The mayor of Cooper’s Falls was waiting for us when we finally got to Petersons office in the courthouse. He was wearing a purple Minnesota Vikings snowmobile suit and holding a visored purple helmet in his left hand. He belonged to the purple snowmobile standing a
t the courthouse steps. His face was pale, he was forty-four years old, he owned an insurance agency, and his name was Richard Aho. He was a Finn.
“Peterson,” he said calmly as we stood in the outer office with Alice watching us. There was the overpowering reek of strong coffee. The radiators sizzled. It was five o’clock. “Peterson, what is going on here, in this town? I come into the office to try out my new snowmobile, a Christmas present from Phyllis, and I start hearing all sorts of shit.”
“What shit, Richard?” Peterson slid out of his coat and hung it on a hook. “Sandwiches, Alice, get ’em over at the hotel, an assortment. And, Alice—you’re a dear.” He walked through to his own office. “What shit have you been hearing, Richard?” We all went into the office. It was stifling.
“Dead people?
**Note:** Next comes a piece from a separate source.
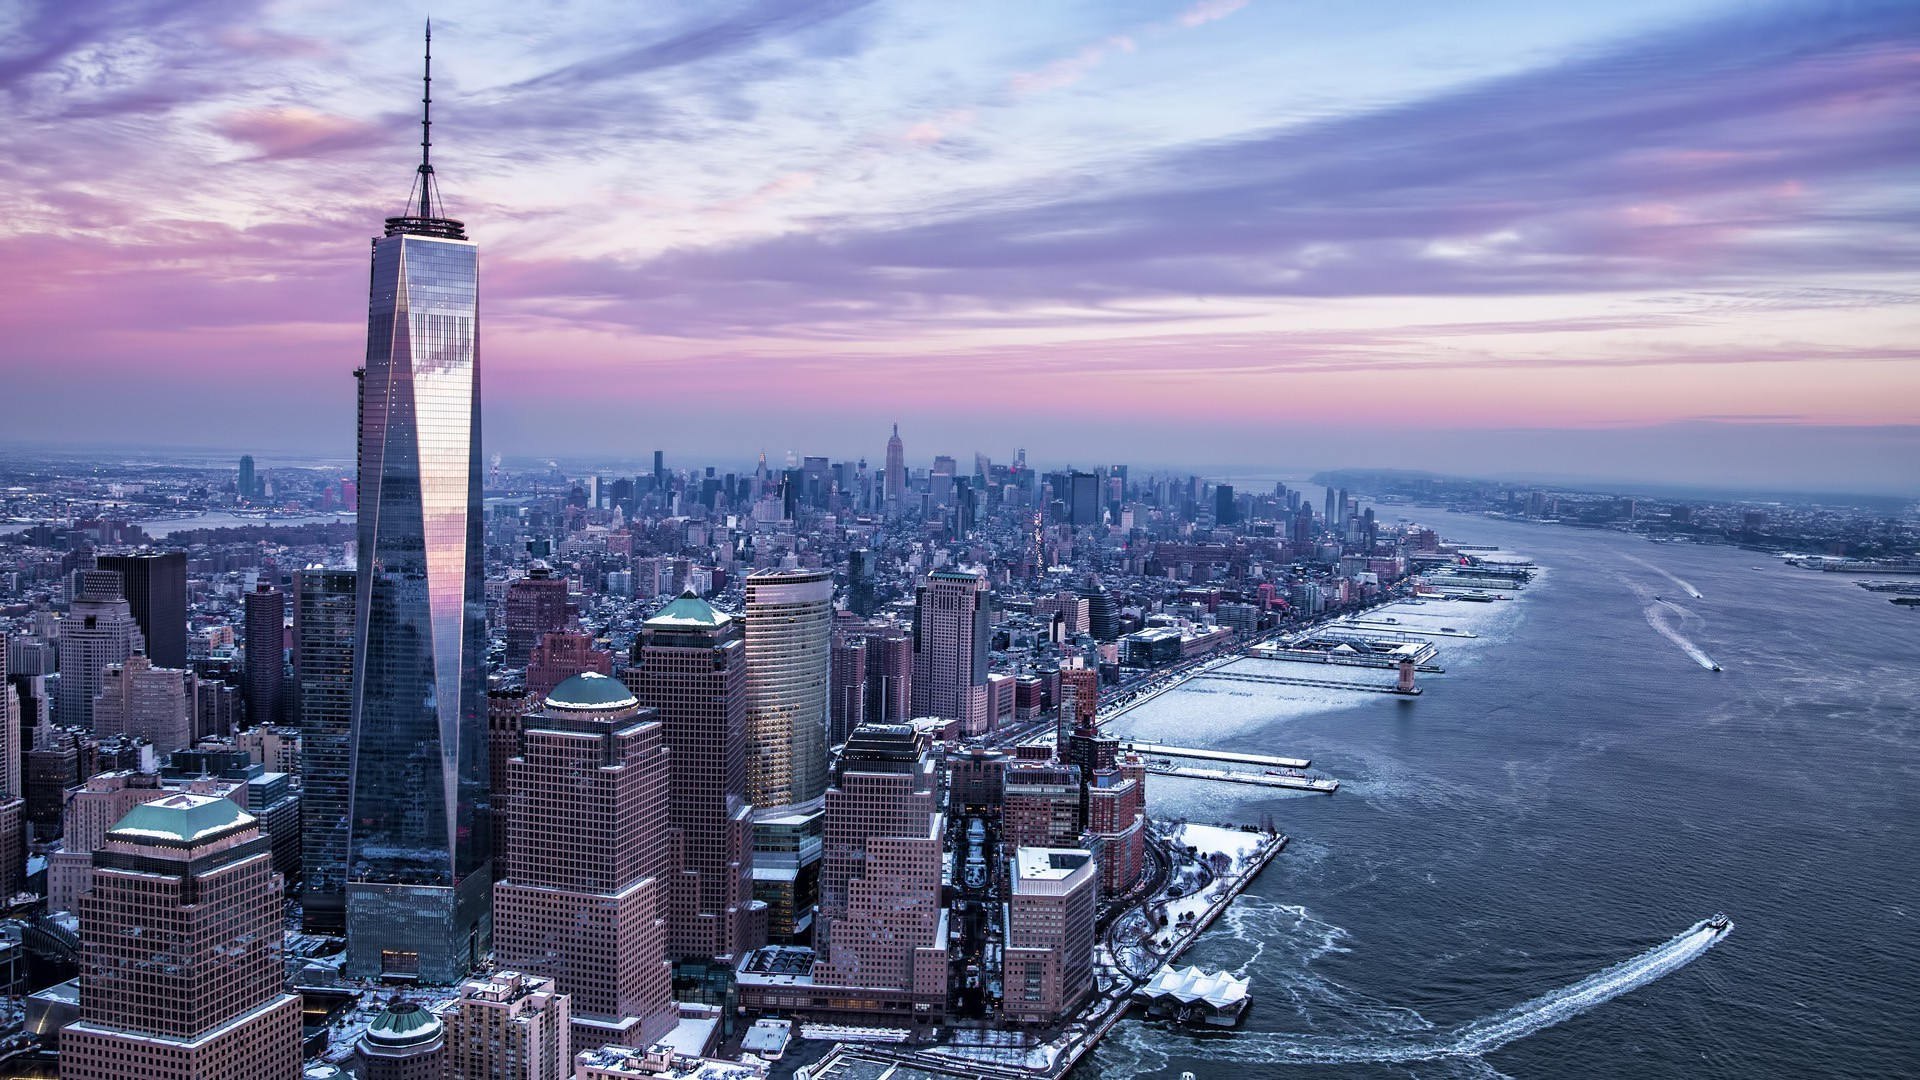 251837-New_York_City-city-USA-Freedom_Tower-Manhattan-Hudson_River-winter-river-One_World_Trade_Center.jpg

That shit.” Aho looked persistently at Peterson. “One of the Coopers, of all people, and the librarian, Paula … Smithies. Are they dead? Murdered?” He unzipped the purple quilted suit: “Christ, it’s hot in here.”
“Yes, they’ve been murdered. And this fellow here”—he pointed at me—“is another Cooper, John Cooper, and they’ve tried twice to kill him and last night he killed one of them out at the Cooper place. This afternoon they rigged a bomb to Arthur Brenner’s house and blew the front off.”
Aho took the news with a quiet, staring amazement. Though I had never heard of him, Cooper’s Falls was his town, too. From time to time he looked at me. Finally he said: “Mr. Cooper, trouble seems to follow you.”
Peterson grinned. Aho’s coal-colored eyes bored into me.
I yawned.
“Seems to,” I said.
We all ate the sandwiches and learned that our telephone connections to the outside were gone. The storm had taken lines down all along the St. Croix as well as in many rural areas across the state. We could contact the Twin Cities by short wave but so far our little war was ours alone: no word had been sent. Peterson argued that it would do no good since we were unreachable. The highways were all blocked, all airplanes were grounded. Snowmobiles could get through, at least in theory, but the cold was too intense and the visibility in the storm was nil. Unlikely as it seemed, we were cut off from the outside world. Aho nodded his agreement.